● **Exercise**: Write out the entire listing below exactly as it appears, minus any pictures.

● **Information shown**:
Start of Block

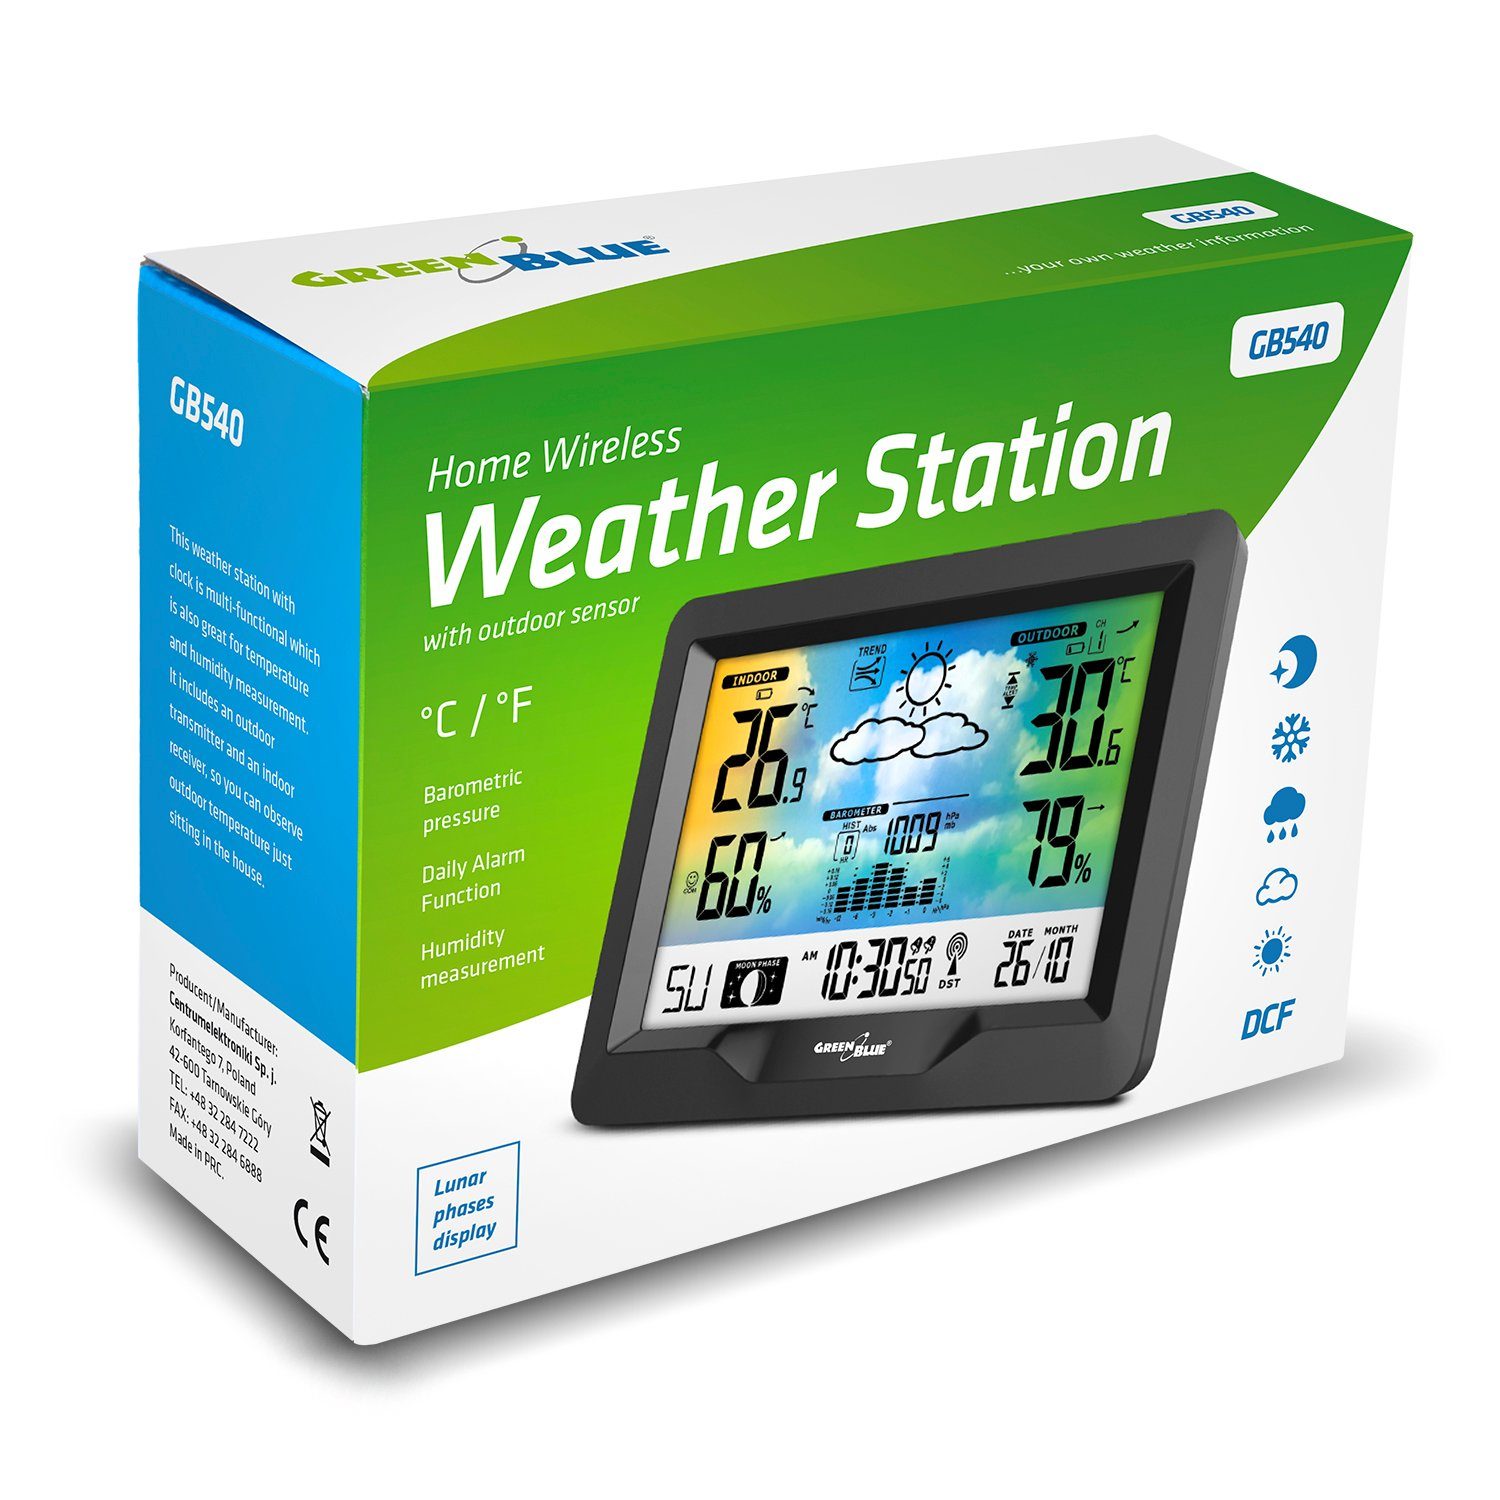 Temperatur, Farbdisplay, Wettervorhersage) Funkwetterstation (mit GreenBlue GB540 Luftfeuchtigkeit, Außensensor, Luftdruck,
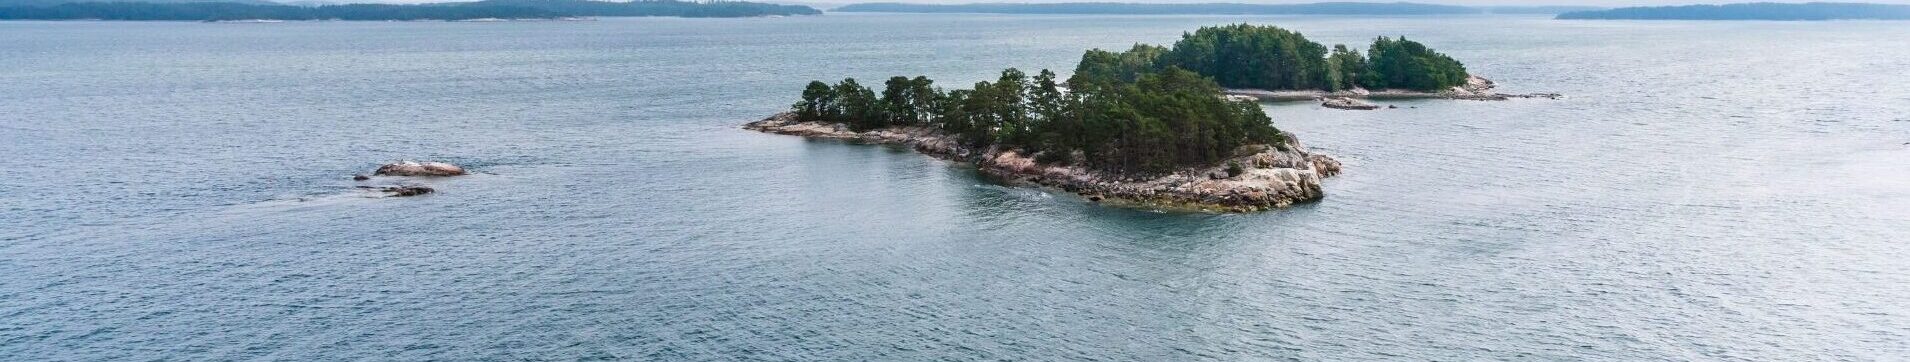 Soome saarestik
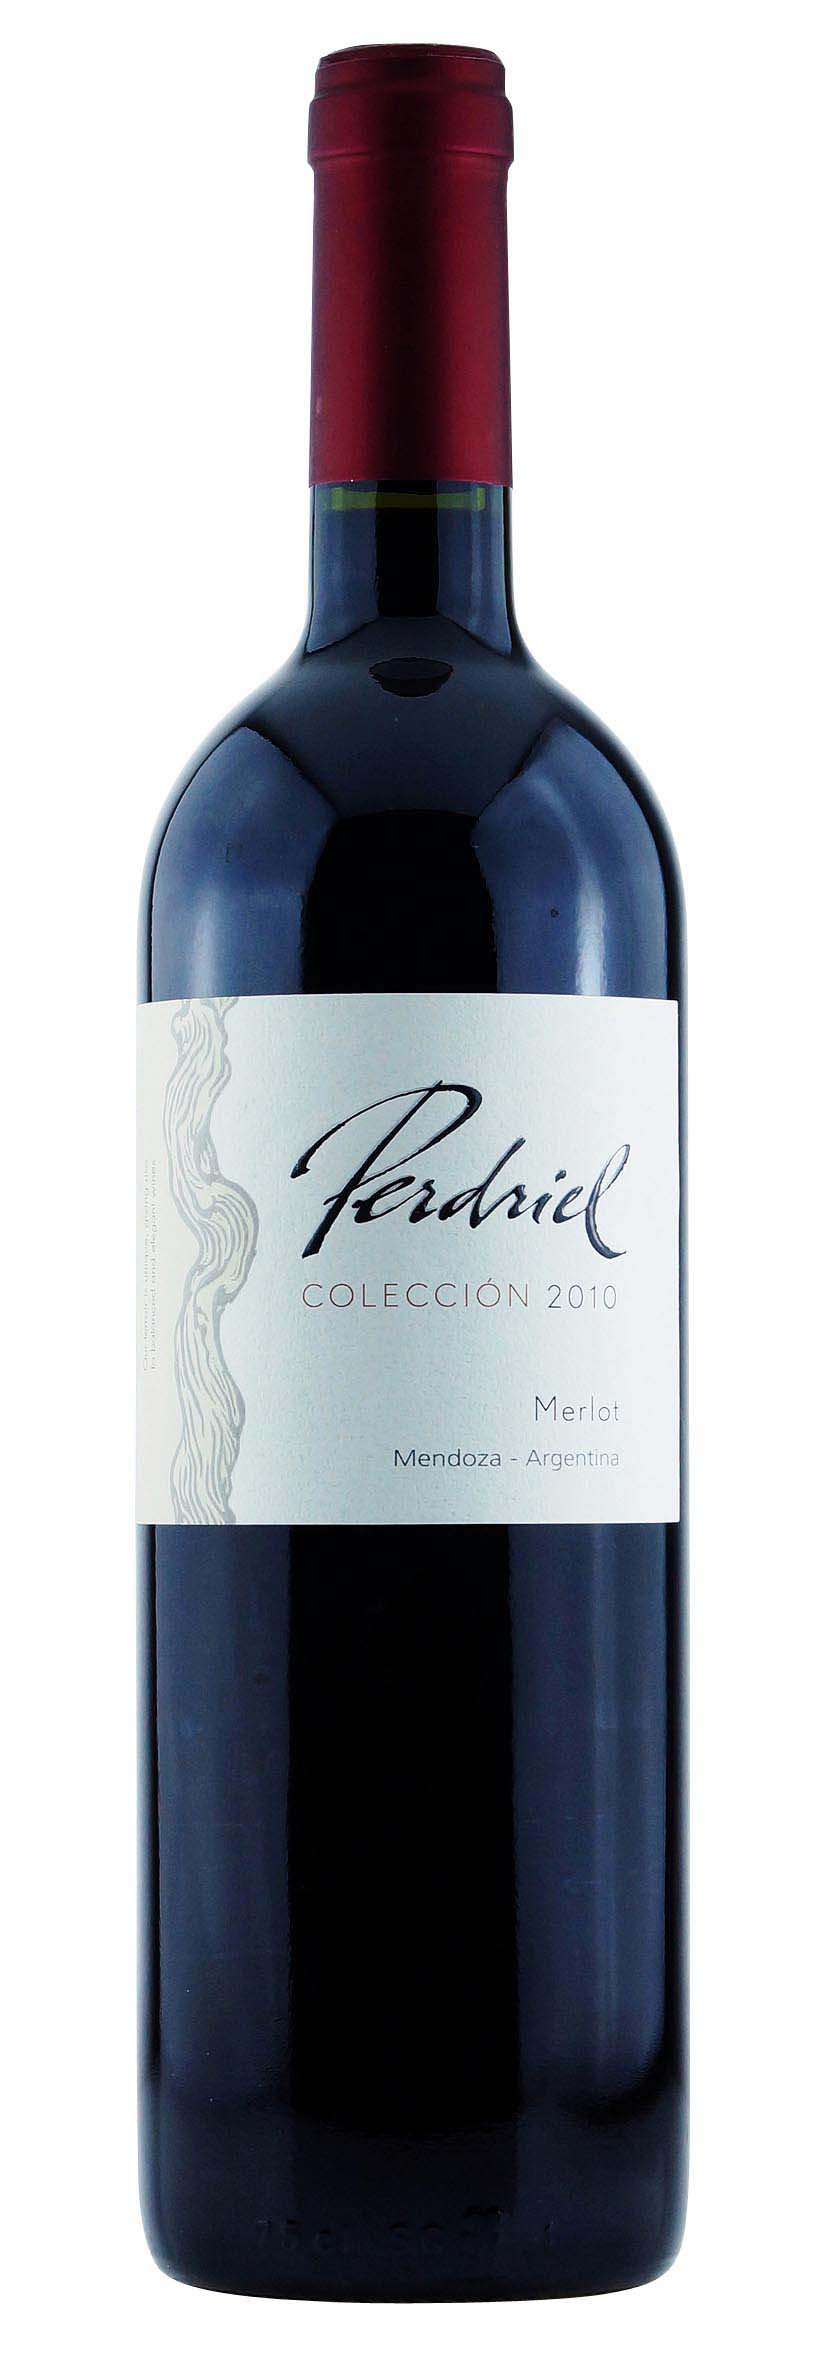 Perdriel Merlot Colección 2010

End of Block

● **Expected answer**:
 Temperatur, Farbdisplay, Wettervorhersage) Funkwetterstation (mit GreenBlue GB540 Luftfeuchtigkeit, Außensensor, Luftdruck,
 Soome saarestik
 Perdriel Merlot Colección 2010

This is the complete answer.